İzmir'de su krizi kapıda: Barajlar tükeniyor!
İzmir'in en büyük içme suyu kaynağı Tahtalı Barajı'nda doluluk oranı ,56'ya düştü. Uzmanlar, barajın Eylül'de tamamen kuruyabileceği uyarısında bulunuyor.
İzmir’in içme suyu ihtiyacının büyük bölümünü karşılayan Tahtalı Barajı'nda su seviyesi tehlikeli biçimde geriliyor. Haziran ortası itibarıyla doluluk oranı %13,56 olarak ölçüldü. Geçtiğimiz yıl aynı dönemde 100 milyon metreküp olan toplam su hacmi, bu yıl 58,5 milyon metreküpe düştü. Kullanılabilir su miktarı ise 80,5 milyon metreküpten 40 milyon metreküpe geriledi.
KURAKLIK VE AŞIRI TÜKETİM TEHDİT OLUŞTURUYOR
Türkiye Bilimler Akademisi (TÜBA) üyesi Prof. Dr. Doğan Yaşar, yağışların yeterli olmasına rağmen aşırı tüketim ve artan nüfus nedeniyle su kaynaklarının tükenme noktasına geldiğini söyledi. “Yağmur yağıyor ama yetmiyor. Çünkü tüketim bilinçsiz şekilde artıyor” diyen Yaşar, Eylül ayında baraj seviyesinin %2’nin altına düşebileceği uyarısında bulundu.
BİREYSEL SU TÜKETİMİNE DİKKAT EDİLMELİ
Prof. Dr.

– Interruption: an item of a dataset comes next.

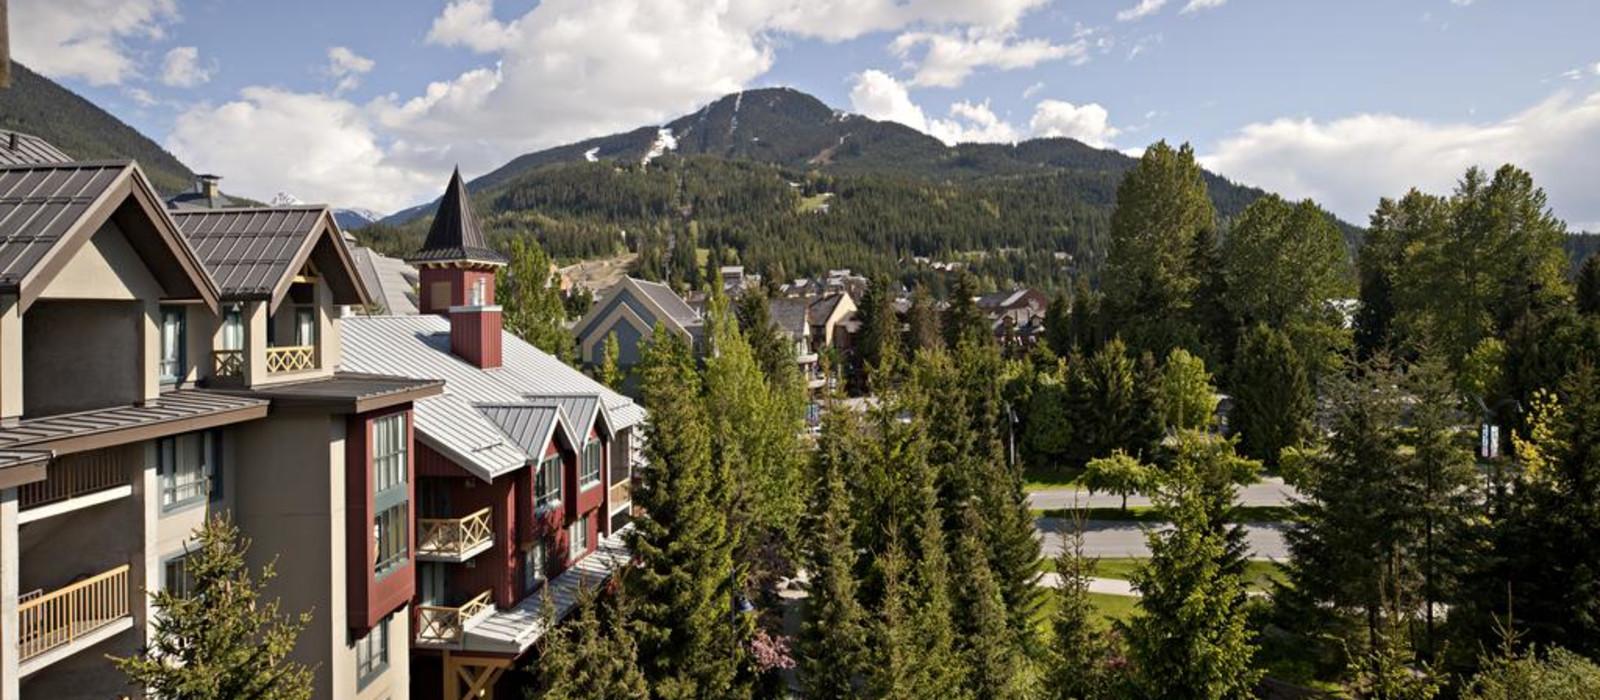 Hotel Delta s by Marriott Whistler Village Suites Canada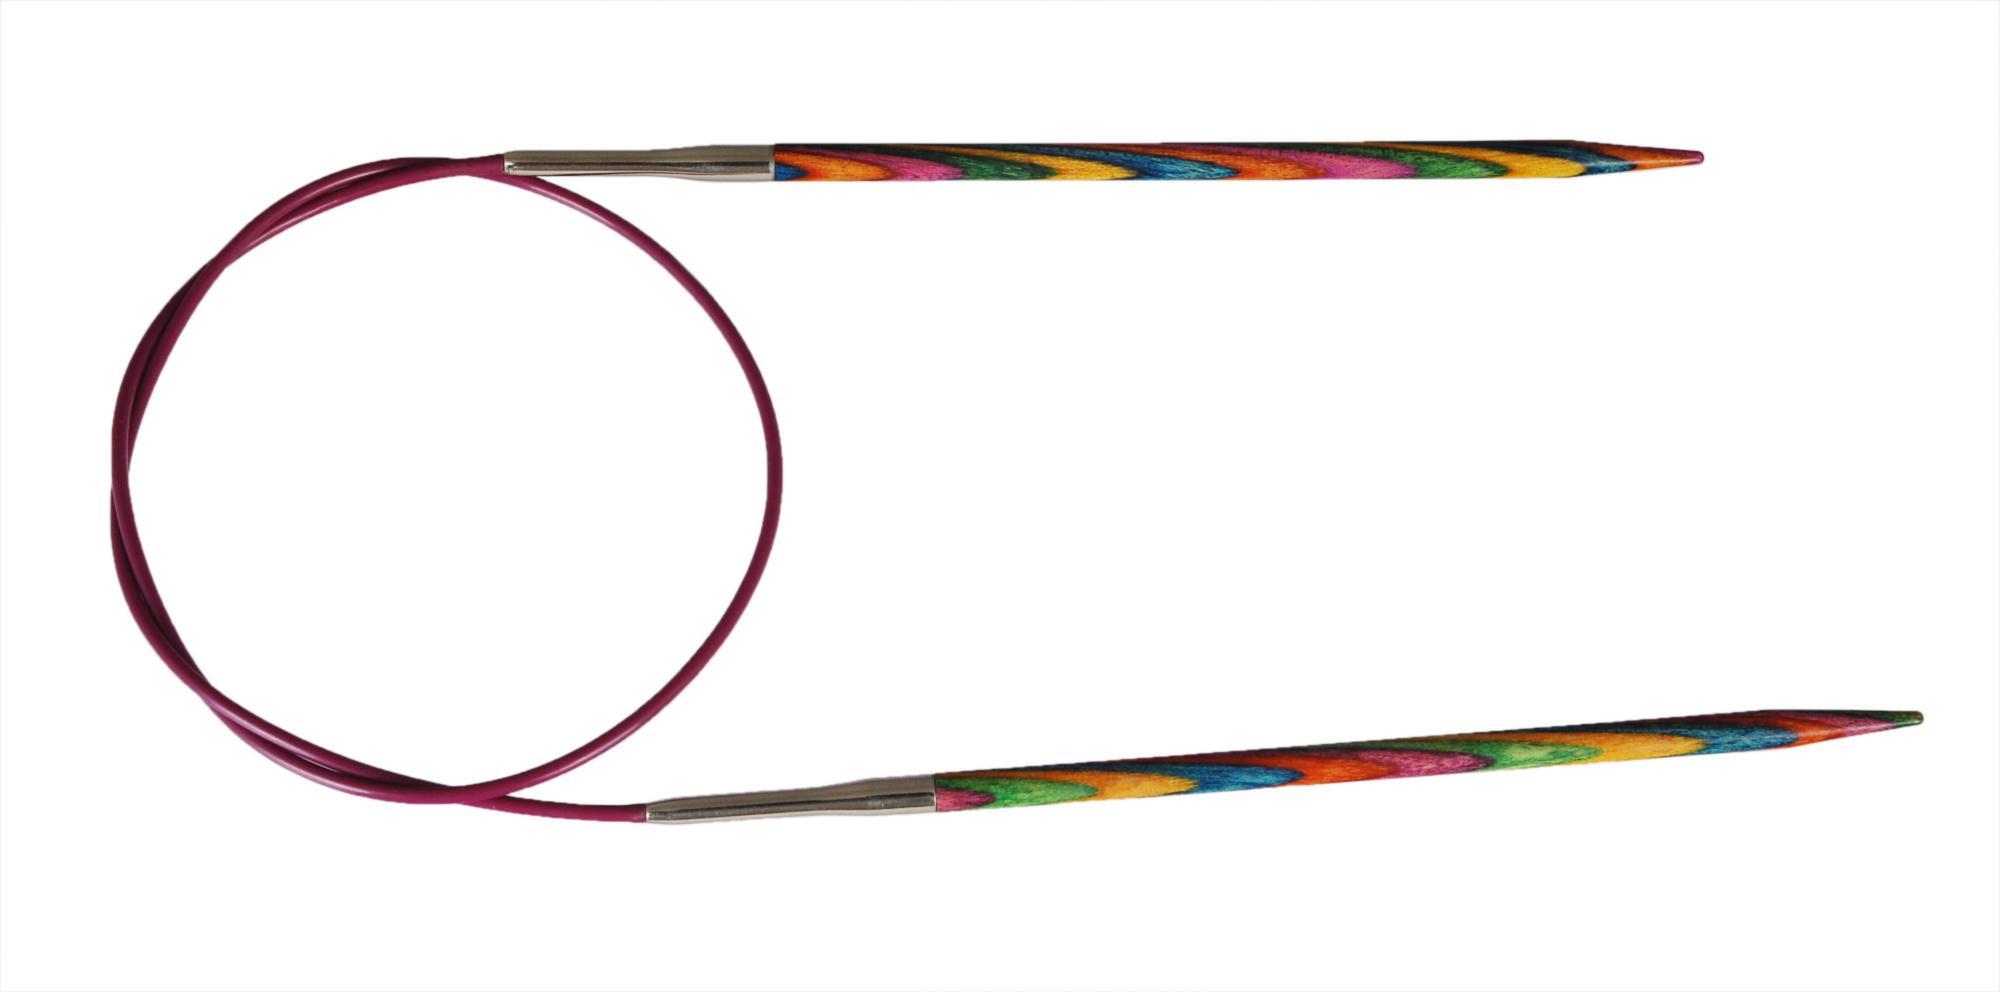 Спицы круговые 100 см Symfonie Wood KnitPro, 21352, 4.00 мм

Yaşar, yaz aylarında kişi başı su kullanımının 200 litreyi bulduğunu belirtti. Balkon yıkamak, araç temizlemek gibi israf kalemlerinin arttığına dikkat çekerek, Çiğli Arıtma Tesisi’nden boşaltılan 600 bin metreküplük gri suyun tarımda değerlendirilmesi gerektiğini söyledi.
TARIMSAL SULAMA BİLİMSEL YÖNTEMLERLE PLANLANMALI
Yanlış sulama politikalarının da büyük kayıplara yol açtığını vurgulayan Yaşar, tarımsal ürün deseninin su kaynaklarına göre belirlenmesi gerektiğini ifade etti. “Belediyeler artık hidrojeolog istihdam etmeli ve bilimsel planlamaya geçilmeli” dedi.
SADECE TAHTALI DEĞİL, GÖRDES DE TEHLİKEDE
İzmir’e su sağlayan bir diğer önemli kaynak olan Gördes Barajı’nda da kritik seviyelere yaklaşıldığını belirten Yaşar, yer altı su kaynaklarının da kontrolsüz şekilde çekildiğini söyledi.
SU TASARRUFU ARTIK BİR ZORUNLULUK
Uzmanlar, yaz aylarının daha da kurak geçeceği uyarısında bulunarak, vatandaşları ve kurumları su tasarrufuna davet etti. Geri dönüşümlü su kullanımı ve modern sulama sistemleri artık sadece tercih değil, hayati bir zorunluluk olarak değerlendiriliyor.